Die Produktion jeder Folienschicht im Blick

Verpackungen müssen sowohl den ästhetischen Anforderungen der Verbraucher als auch den Qualitätsansprüchen stark regulierter Branchen wie der Lebensmittel- und Pharmaindustrie entsprechen. Vor diesem Hintergrund unterstützt Manufacturing-Software Hersteller von Verpackungsmaterialien dabei, sowohl den Produktionsprozess zu lenken als auch von Gesetzgeber und Kunden vorgegebene Dokumentations- und Compliance-Anforderungen zu erfüllen. Ein branchenspezifisches System kann dazu beitragen, nachhaltig Produktivität und Prozesssicherheit zu steigern.



Bild: Grass

Flexible Verpackungen sind allgegenwärtige Begleiter vieler Konsumartikel. Sie bewahren etwa sensible Lebensmittel und Pharmazeutika vor Verderb oder Fremdeinflüssen und sollen zum Kauf anregen. In den meisten Fällen bestehen sie aus Folien oder einem Verbund aus Kunststofffolien, Papier, Pappe oder Metallfolien und durchlaufen in der Produktion verschiedene Fertigungs- und Veredlungsprozesse. Verpackungshersteller müssen hierbei neben den Anforderungen der Konsumenten vor allem den Qualitätsansprüchen ihrer Kunden aus Food- und Pharmaindustrie entsprechen. Regelmäßige Lieferanten-Audits erfordern zudem Prozesssicherheit und Rückverfolgbarkeit über alle Stufen des Fertigungsprozesses hinweg. So entsteht ein Spannungsfeld zwischen Kosten- und Effizienzdruck in der Fertigung auf der einen und dem geforderten Informationsumfang auf der anderen Seite. Die Abwicklung der zugehörigen Produktionsmanagement-, Qualitäts- und Dokumentationsaufgaben kann ein Manufacturing Execution-System (MES) unterstützen. Der Softwareanbieter Grass GmbH, spezialisiert auf Rollenfertigung, unterstützt mit ihrer Produktionsmanagement-Software Coago MES insbesondere Folienhersteller und Converter. Die Software verbindet die kaufmännischen Prozesse, die typischerweise in Enterprise Resource Planning-Systemen (ERP) abgewickelt werden, mit Fertigungsprozessen bis hin zur Maschinensteuerung.

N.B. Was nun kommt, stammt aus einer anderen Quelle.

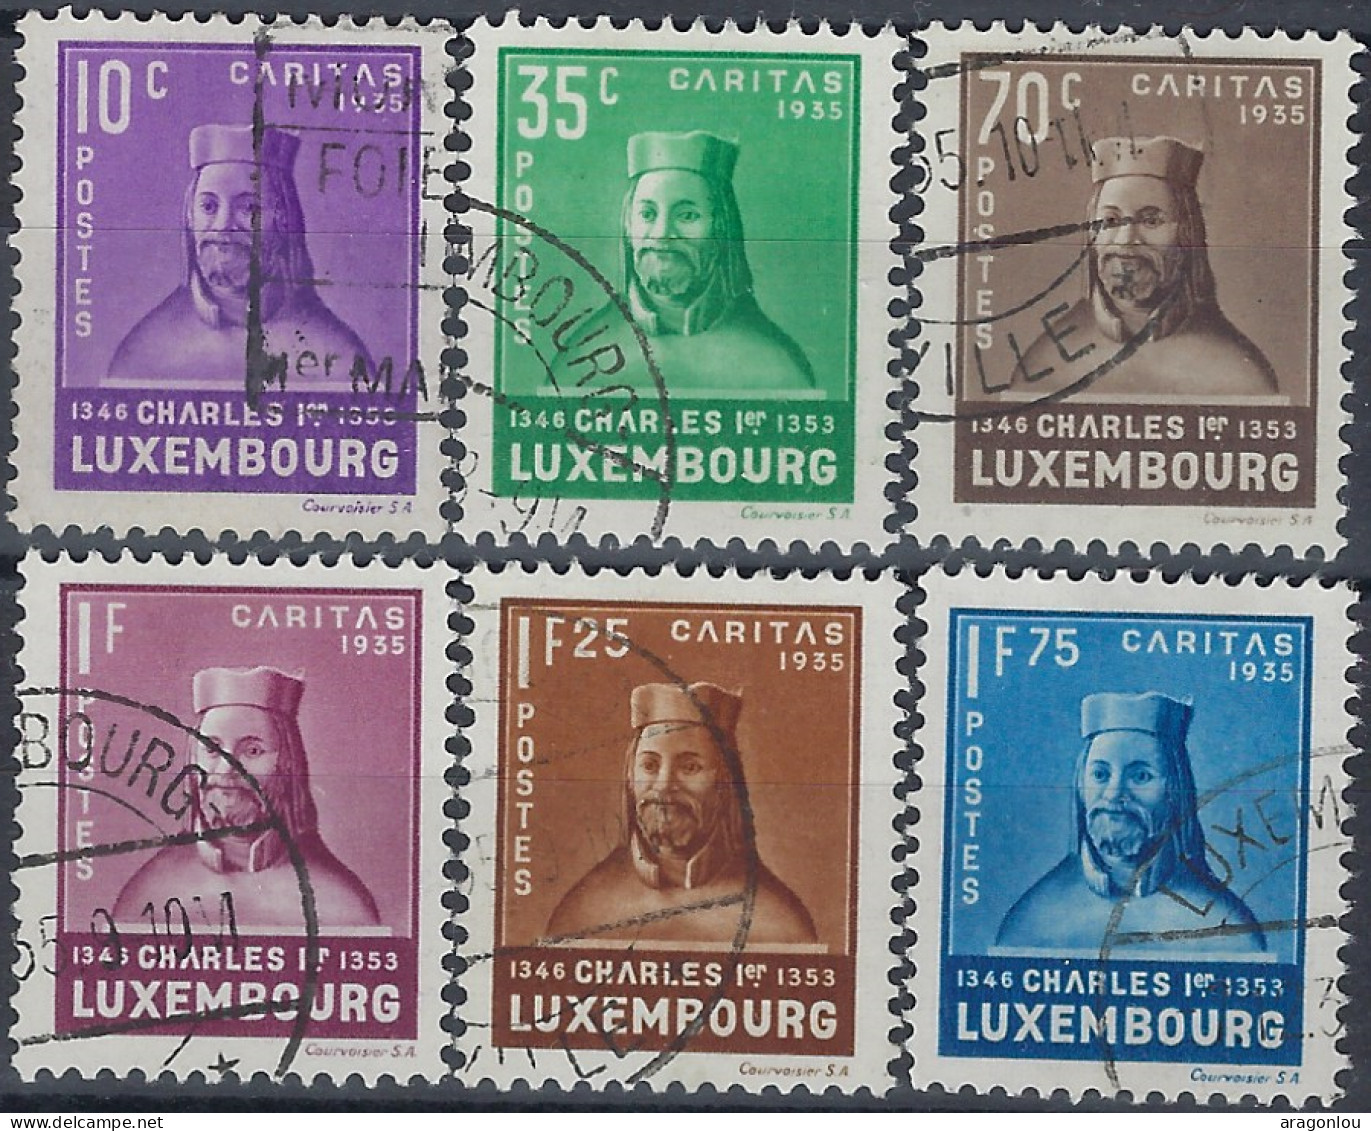 Luxembourg - Luxemburrg - Timbres  1935    Charles Le 1ier     Série   ° - Gebraucht

Damit kann die ERP-Anbindung den Daten- und Informationsfluss vom und zum Produktionsmanagement unterstützen.

Insellösungen erschweren Blick aufs Ganze

In der Praxis werden unterhalb standardisierter ERP- oder Produktionsplanungssysteme (PPS) oftmals Software-Eigenentwicklungen eingesetzt – oder die Produktionsarbeitsplätze werden mit Fertigungspapieren versorgt, die aus einem ERP- oder PPS-System erstellt wurden. Bei der häufigen Umplanung von Aufträgen können insbesondere Probleme entstehen, wenn alte Versionen wieder eingezogen und neue erstellt und verteilt werden müssen. Zudem ist für die Planer vielfach nicht zu erkennen, ob ein vorbereiteter Auftrag schon begonnen wurde und daher nur erschwert oder nicht mehr umgeplant werden kann. Eine kurzfristige Verfügbarkeitsprüfung für Rohstoffe und Halbfabrikate ist meist nicht gegeben. Die auf Fertigungspapieren erfassten Rückmeldungen von Maschinen- und Personalzeiten, Prozessparametern, Material-Einsatz- oder Ausbringungsmengen müssen manuell in weitere EDV-Systeme übertragen und häufig durch Rückfragen validiert werden, um eine Kontrolle und Nachkalkulation durchführen zu können. Oft stehen diese Informationen erst am nächsten oder übernächsten Arbeitstag zur Verfügung; eine zeitnahe Intervention ist damit in der Regel nicht möglich. Zudem können Eigenentwicklungen steigende Produktionsmengengerüste oft nur bedingt bewältigen; hinzu kommen Kosten und Inhouse-Aufwand für Weiterentwicklung, Wartung und Schnittstellen sowie die Frage nach der Datenqualität. Da solche Alt-Systeme zudem erfahrungsgemäß nur einen Teil der fertigungsnahen Anforderungen abdecken, müssen vielfach Subsysteme etwa für Qualitätssicherung, Chargenrückverfolgung, Prozessüberwachung oder Logistikunterstützung über Schnittstellen eingebunden werden. Als Folge dieser Heterogenität müssen Daten an verschiedenen Stellen gepflegt werden, was den schnellen und eindeutigen Zugriff auf Informationen erschwert. Das kann zu langen Bearbeitungszyklen bei Reklamationen oder der Chargenrückverfolgung führen, oder sogar eine unzureichende Rückverfolgbarkeit des Herstellungsprozesses verursachen – einschließlich der damit verbundenen Haftungsrisiken.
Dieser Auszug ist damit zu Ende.